Table 10. Simple Statistics of Natural Gas Injection Amount by Months in Injection Seasons from 2000-2013 | |||||||||
Mean | Standard | Standard | 95% Confidence Interval | ||||||
Month | (Average) | Minimum | Maximum | Median | Deviation | Error | Low Limit | High Limit | |
April | 192 | 46 | 360 | 197 | 80 | 21 | 146 | 238 | |
May | 387 | 231 | 479 | 402 | 69 | 18 | 347 | 427 | |
June | 354 | 232 | 469 | 342 | 62 | 16 | 318 | 389 | |
July | 281 | 134 | 385 | 282 | 76 | 20 | 237 | 325 | |
August | 244 | 127 | 350 | 240 | 69 | 18 | 204 | 284 | |
September | 328 | 269 | 411 | 313 | 47 | 12 | 301 | 355 | |
October | 239 | 87 | 385 | 245 | 79 | 21 | 194 | 285 | |
Sum of 7 Months | 2,025 | 1,126 | 2,839 | 1,747 | 2,303 | ||||
Note: Injection Season: April - October. | |||||||||
95% confidence interval is computed assuming net changes (Injection amount) are normally distributed over years by months in inject season and should be interpreted with caution. | |||||||||
Table is compiled from EIA data. | |||||||||
At the moment of the darkest days, as some people called, for coal sector in the United States, I maintain a speculative bullish for thermal coal in coming months. The main purpose of this article is to present and analyze publically available data to help readers have a better understanding of root causes behind the recent hikes in NG and thermal coal price, other than draw conclusions already known to readers. In this sense, this article is more or less for those who wish to foresee future by consulting the past.

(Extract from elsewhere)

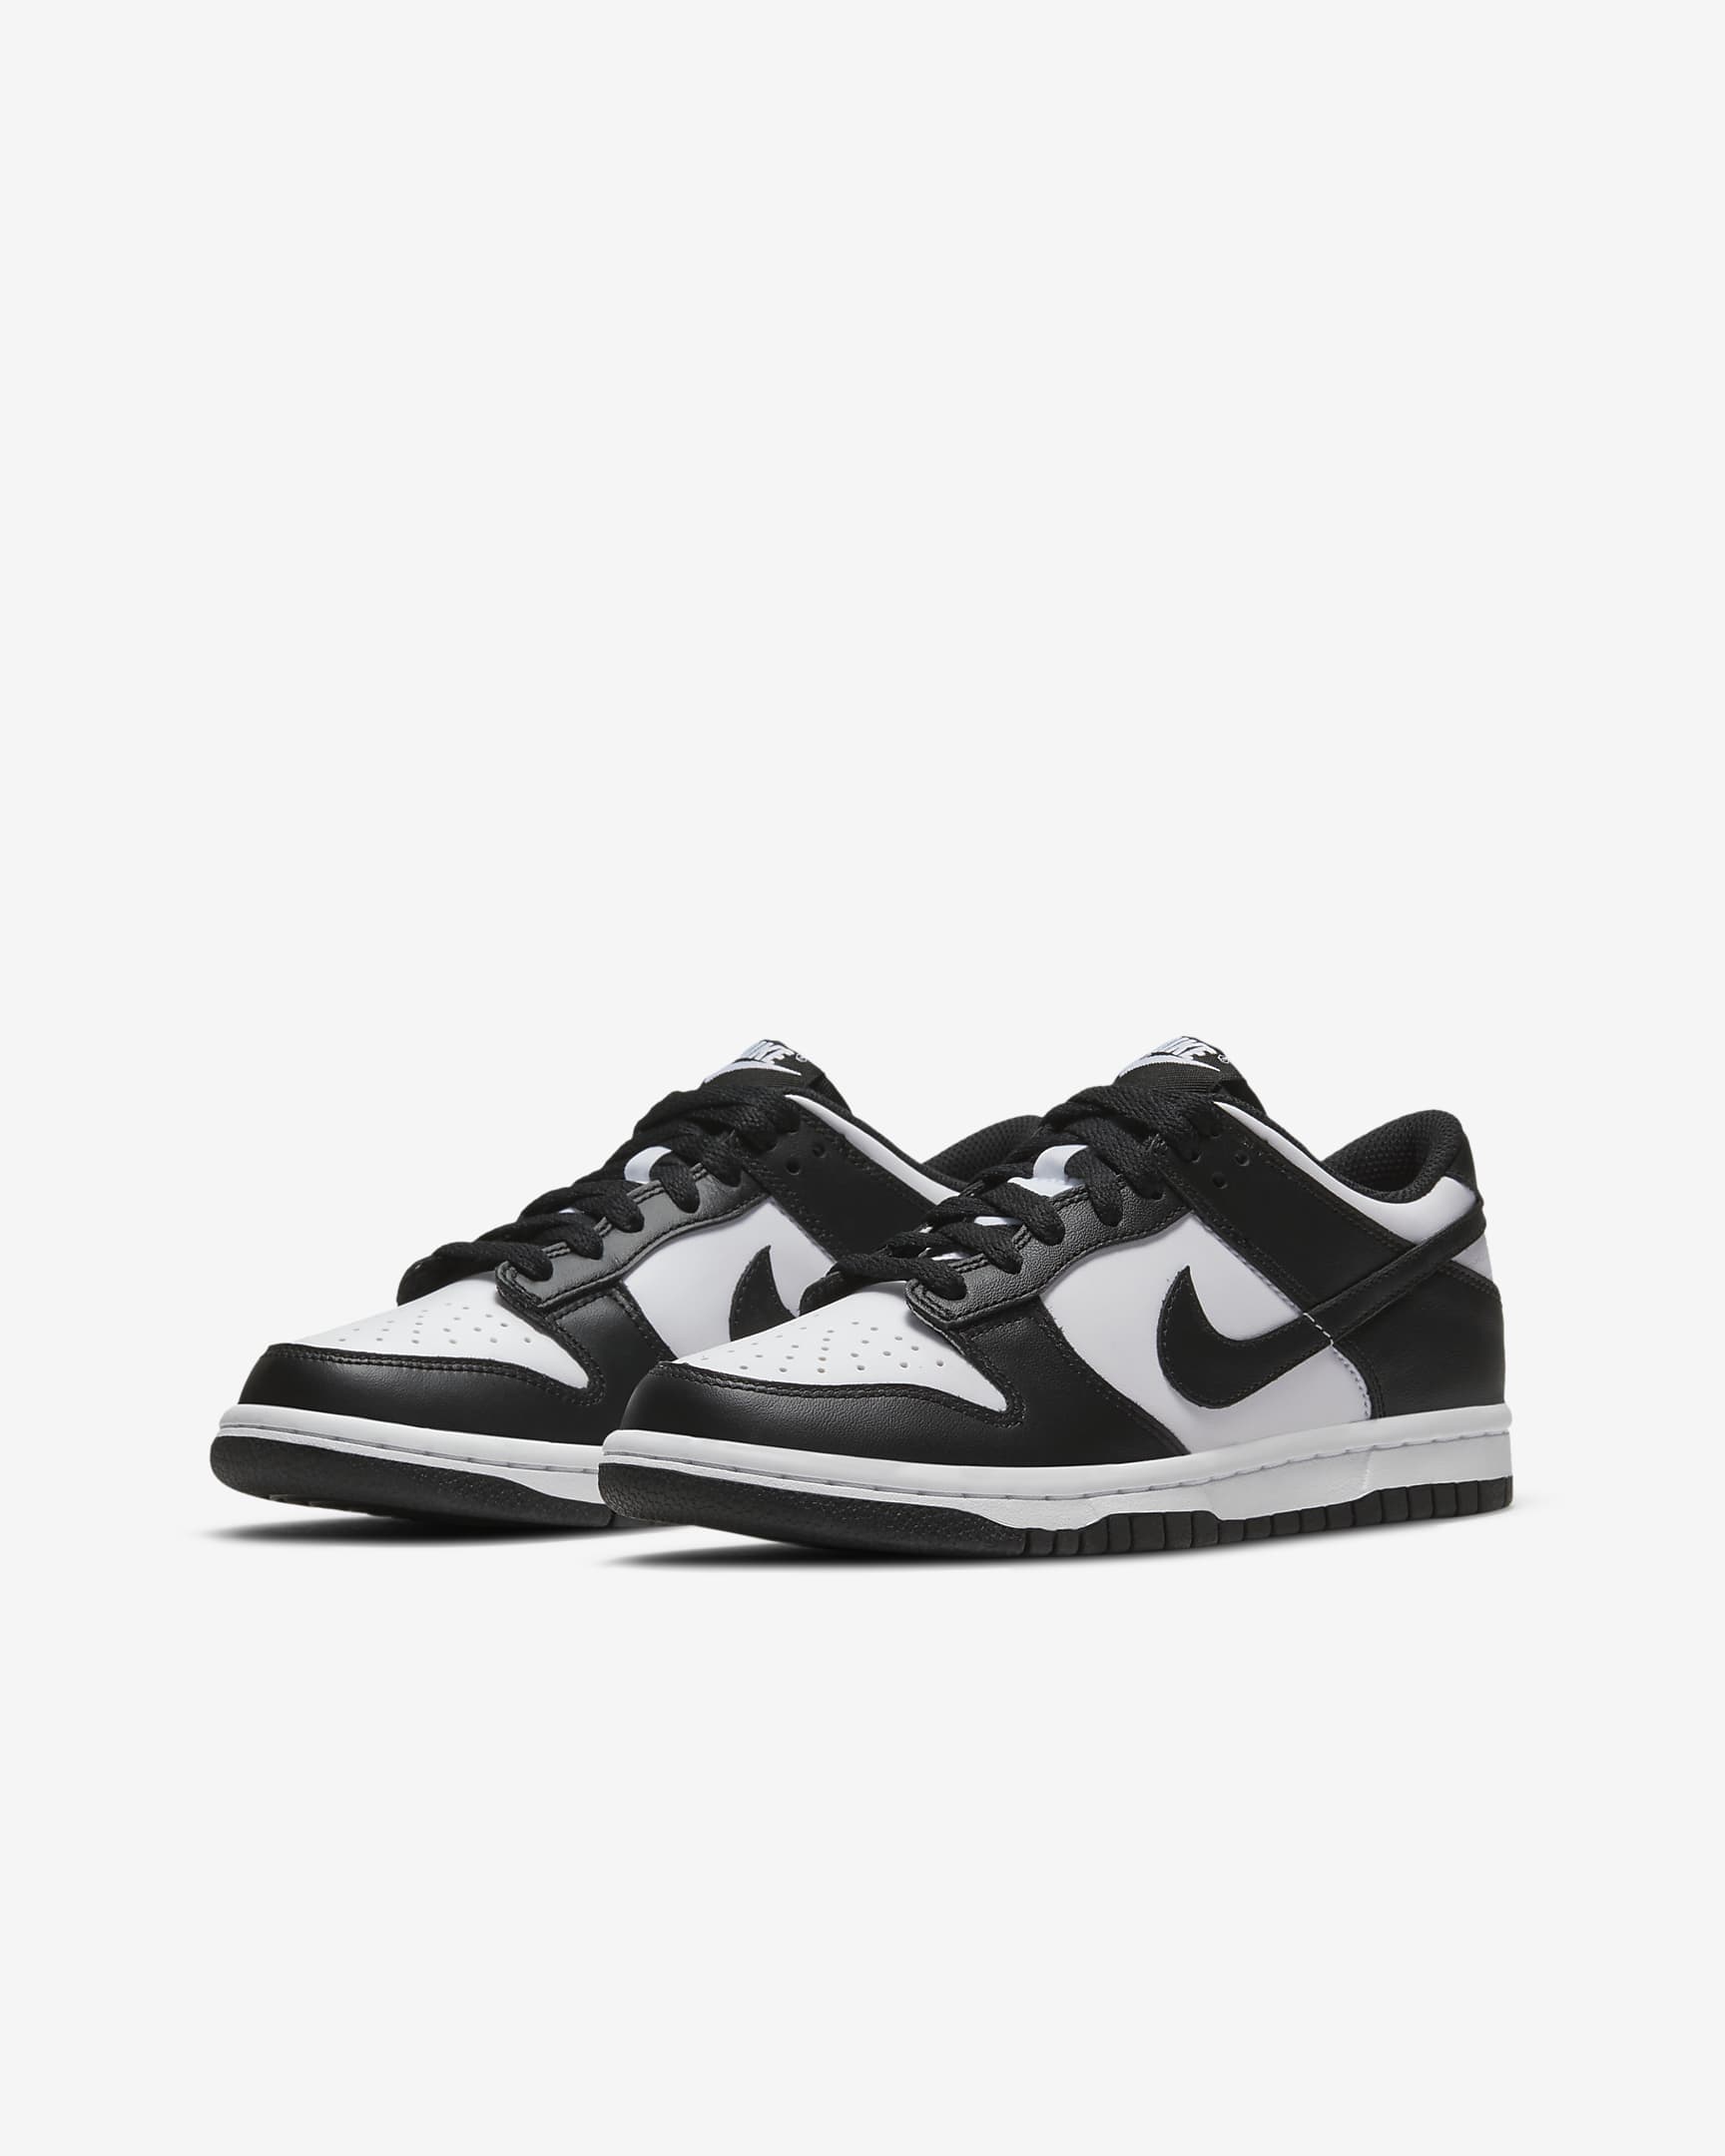 Nike Dunk Low Schuh für ältere Kinder - Weiß/Weiß/Schwarz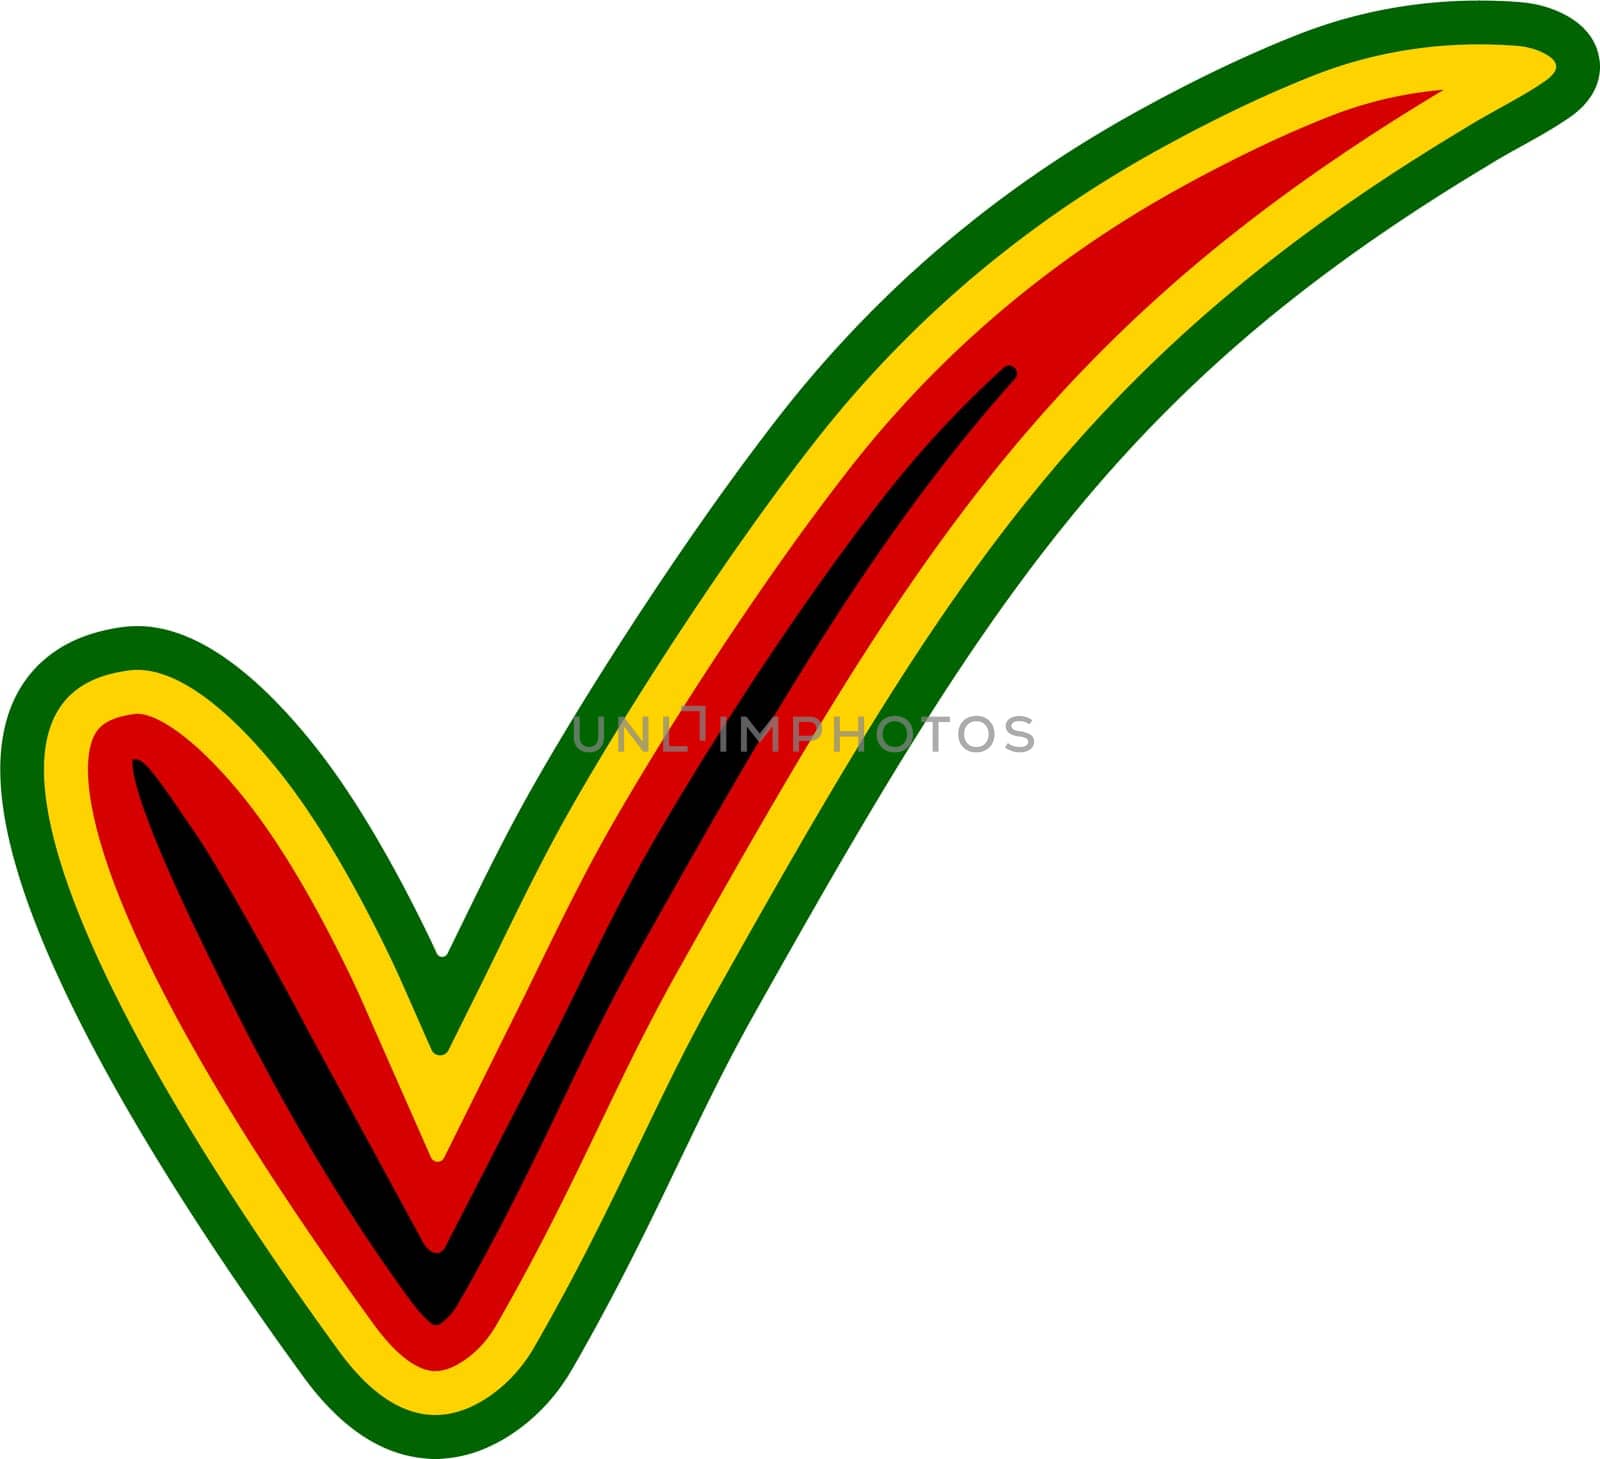 Check mark style Zimbabwe flag symbol elections, voting approval Mugabe

Disclosure: I am long ACI, ANR, BTU, COG. I wrote this article myself, and it expresses my own opinions. I am not receiving compensation for it (other than from Seeking Alpha). I have no business relationship with any company whose stock is mentioned in this article.
Additional disclosure: It is just my opinions without any third party interest. Readers should be aware of high investment risk in energy sectors, especially in coal and natural gas industries which is highly speculative. Readers should consult their own financial advisers before making any investment decision. It is to the best of author’s effort to collect and further calculate EIA’s data in this article with accuracy. Readers should take due diligence in reading all numbers in this article and are not encouraged to use these numbers in any purpose without their own validation.